When she hears about a televised contest The Smartest Girl in America, she convinces her genius friend, Annie, that they should enter–actually Annie should enter and Eva be her ‘go to’ companion. The winner will receive a $200,000 scholarship and Annie desperately wants to go to MIT. Of course, the program will be conducted in Los Angeles.
Kissing in America follows Annie and Eva on their two-week cross country bus trip, stopping at friends and relatives in Ohio, Tennessee, Texas and Arizona along the way. Annie and Eva are a study in contrasts, the former postponing love until college while Eva is desperate for it, possibly to provide something her mother seems incapable of providing. But of course there is more than meets the eye in the various adult characters and Eva learns this through her interactions with family and friends.

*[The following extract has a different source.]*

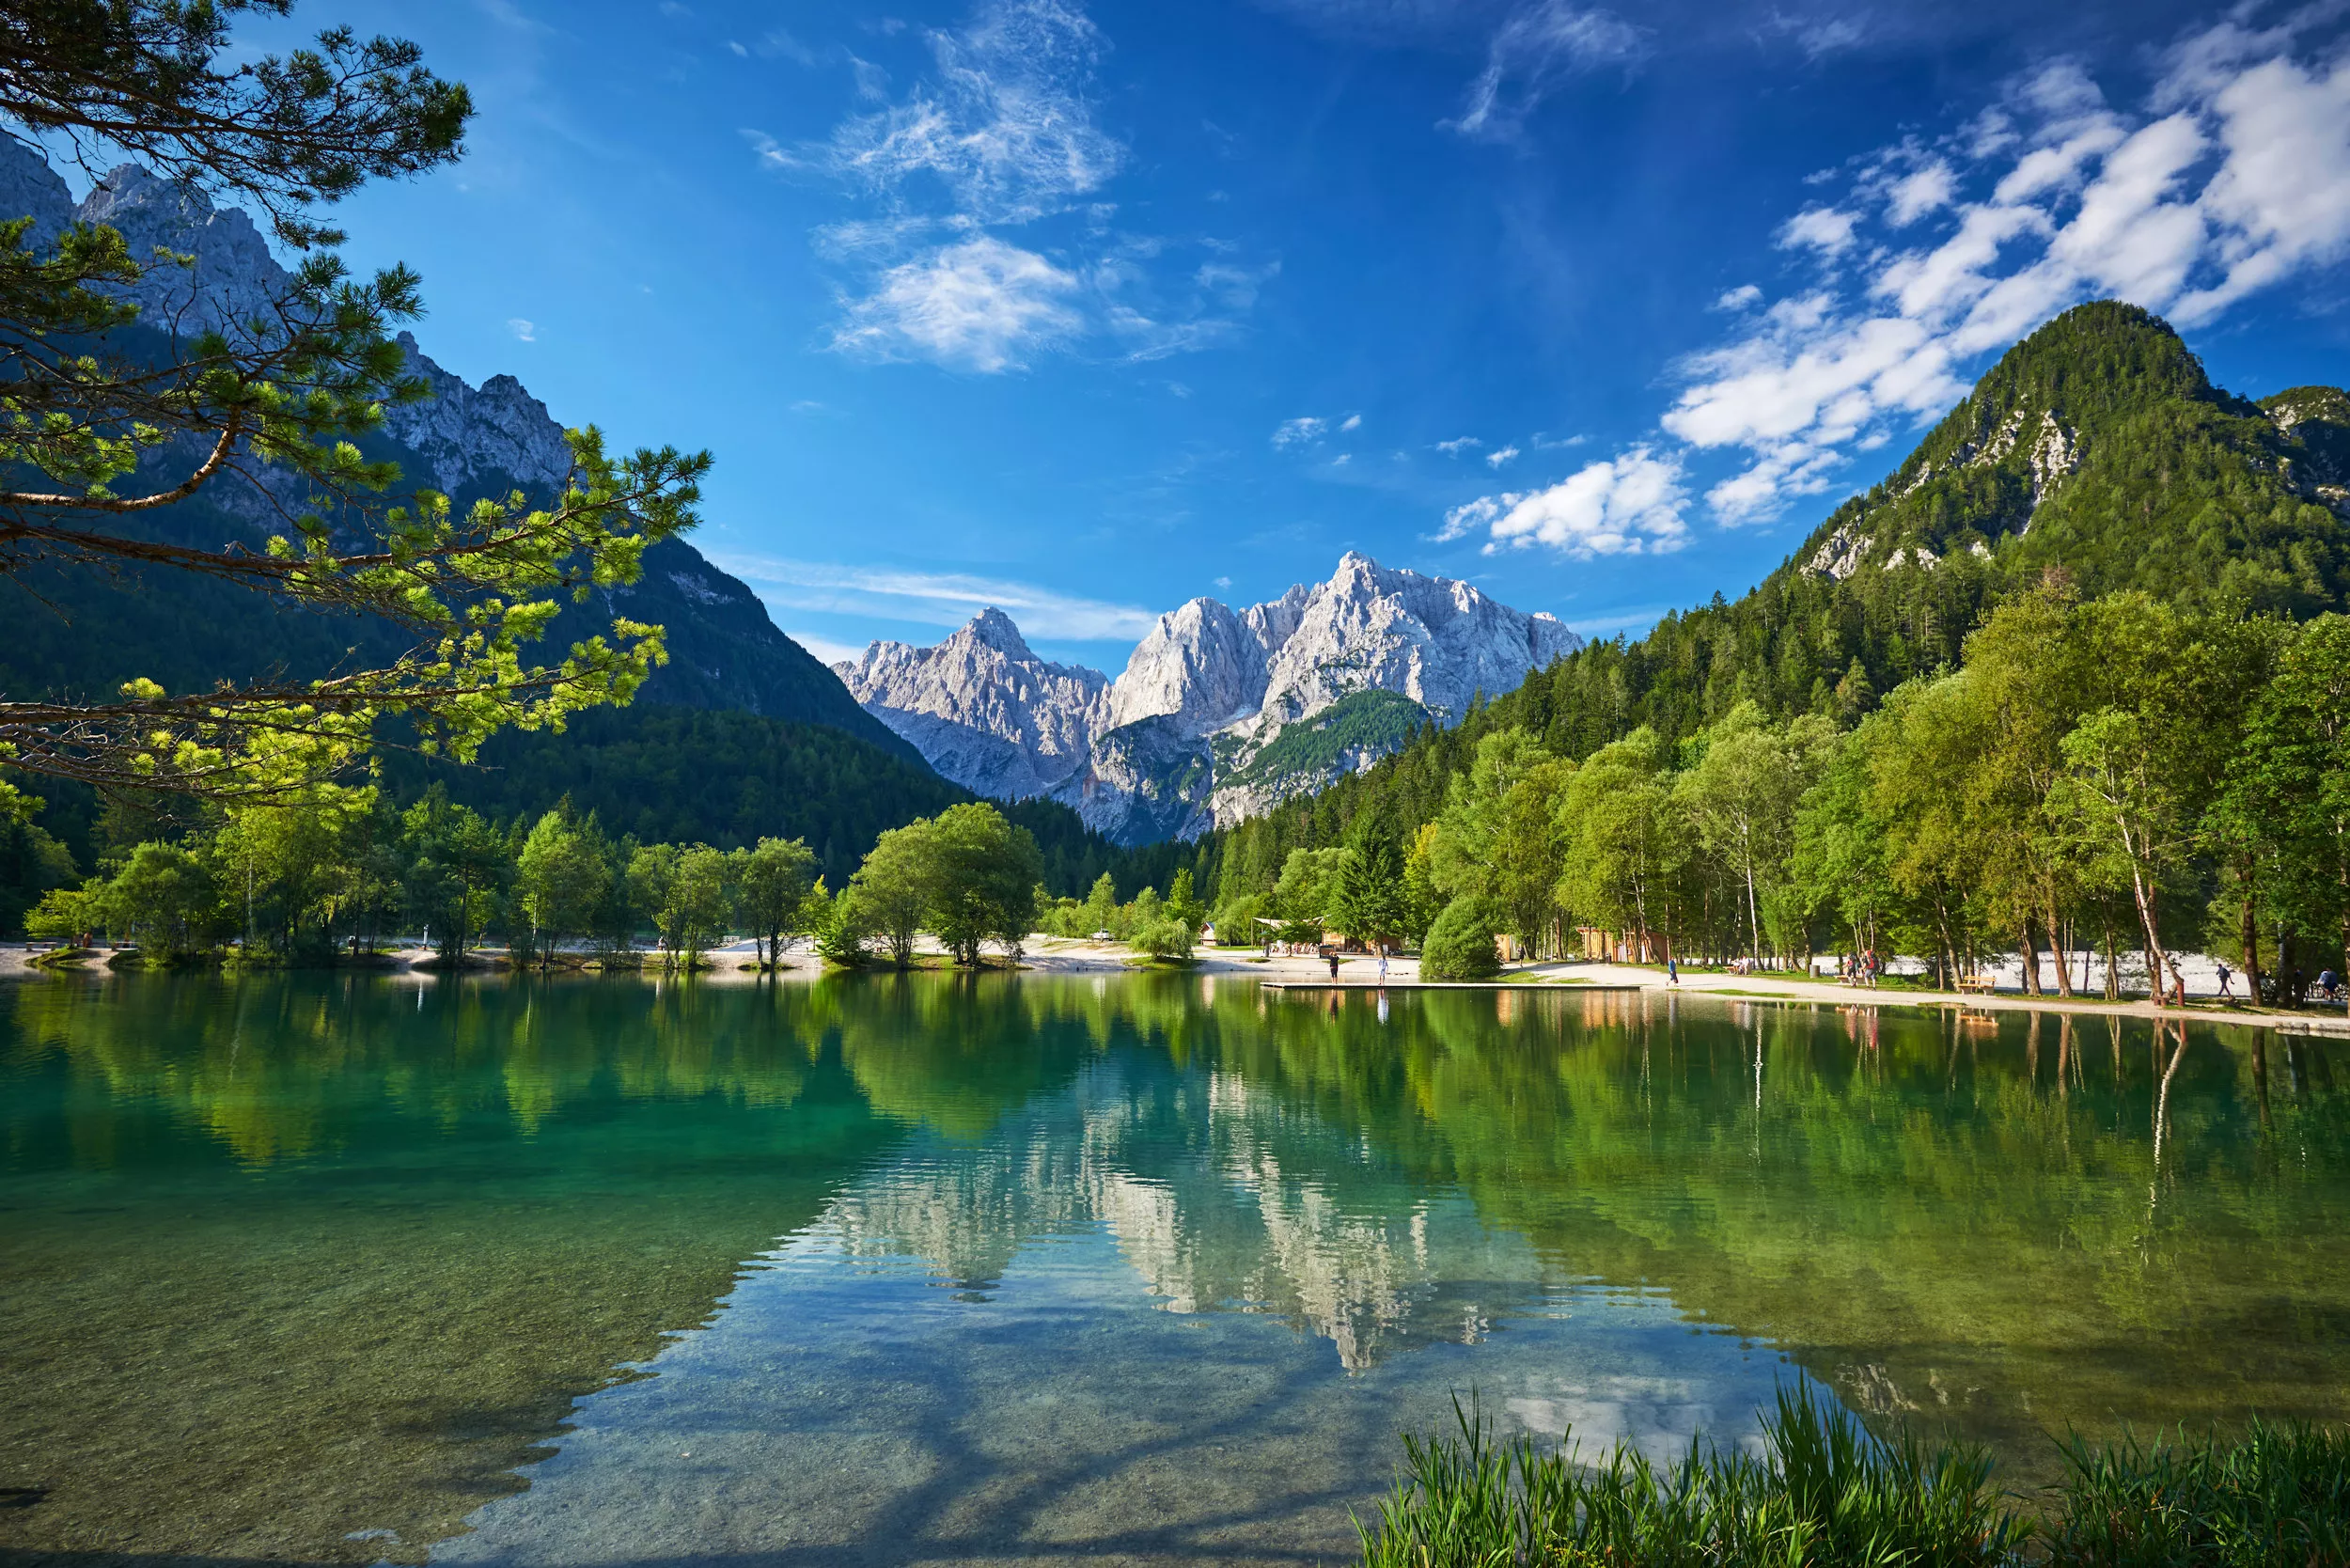 Lake Jasna in Slovenia, Europe | Lakes - Rated 3.9
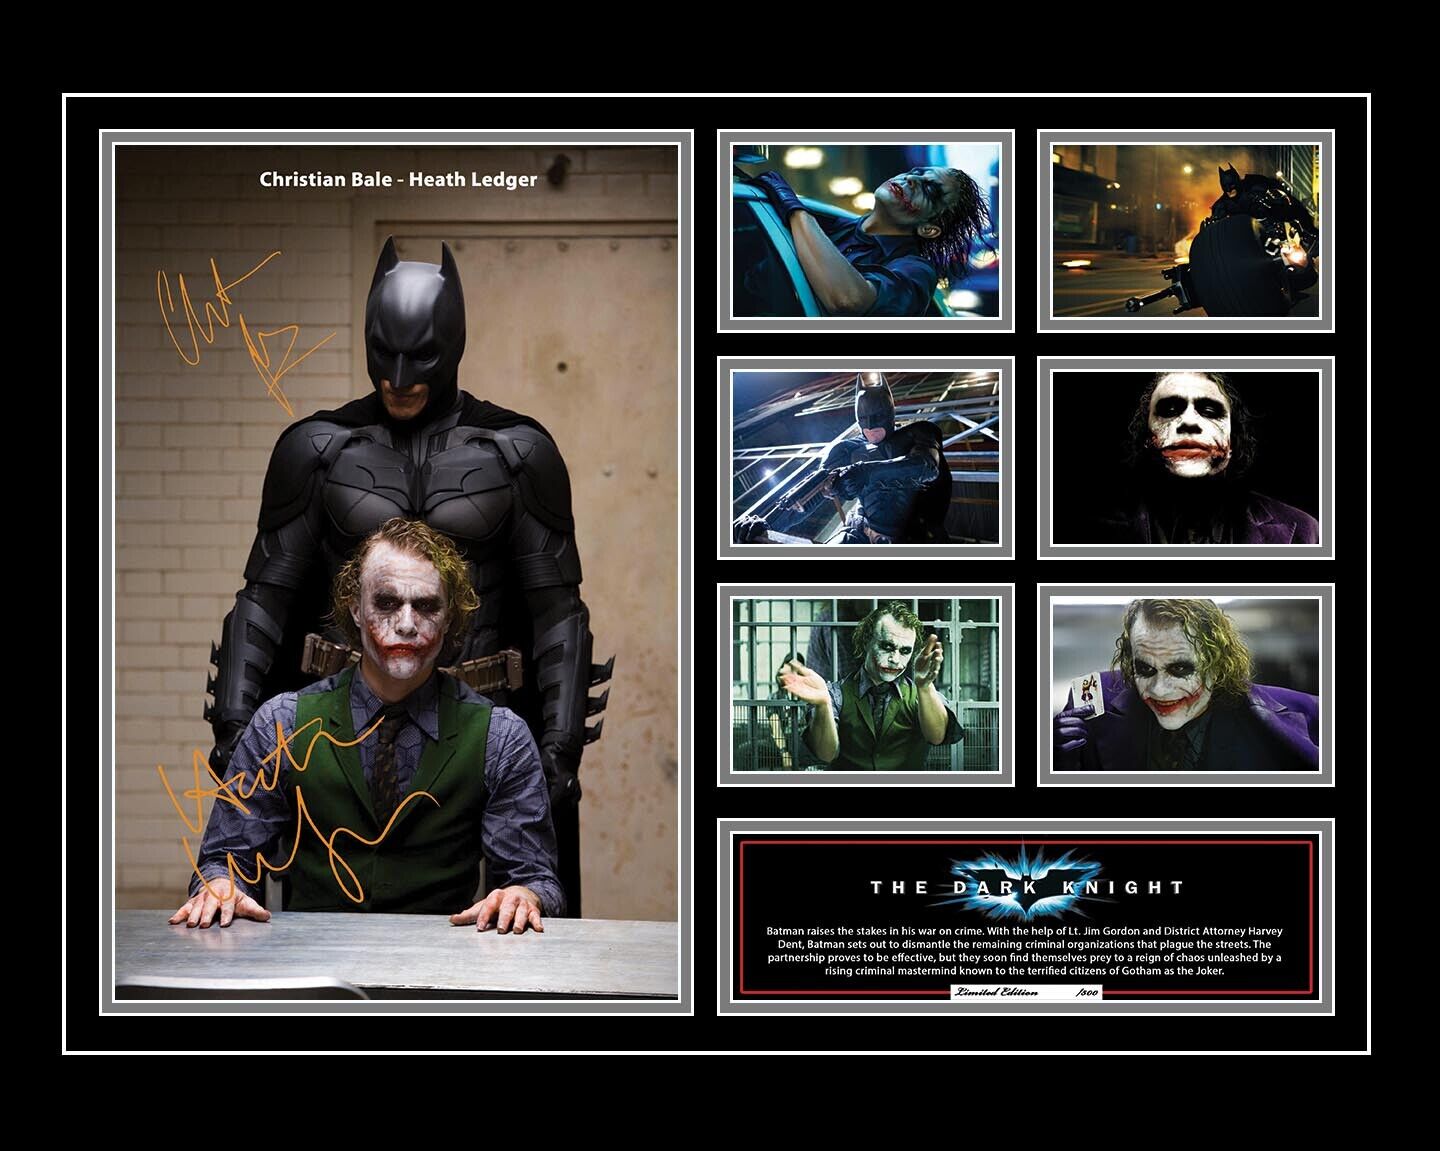 Batman The Dark Knight Heath Ledger Christian bale Signed Limited Photo Memorabilia Frame - Homeware Discounts

This is the second book recently where something terrible happens and parents either over react by becoming overly protective and/or shut down totally, depriving their children of the love and attention they want and need. It is also the case where the children are too shy or insecure to say what they feel, to open the dialogue that might get a parent/child relationship back on track.
Each major section of the book starts with a poem. And Ms. Rabb entices readers with this (which is really just a come on since there are very few other romance novel quotes that are worthy of reprinting):
“Sir Richard’s chest sparkled with man-dew as he whispered “Lilith, it may hurt you when I burst they womanhood.” “Hurt me,” Lilith breathed. Her rosy domes undulated like the sea as he joined her in a love that vanquished every sorrow known on earth.”
I’m not going to tell you that you can’t predict what’s going to happen because that would be a lie. Much of what happens in the end you can predict in the beginning. But as Ralph Waldo Emerson said, “Life is a Journey, Not a Destination.”. If it’s any indication, I stayed up until 12:30 AM to finish the book, so it must have been an enjoyable journey.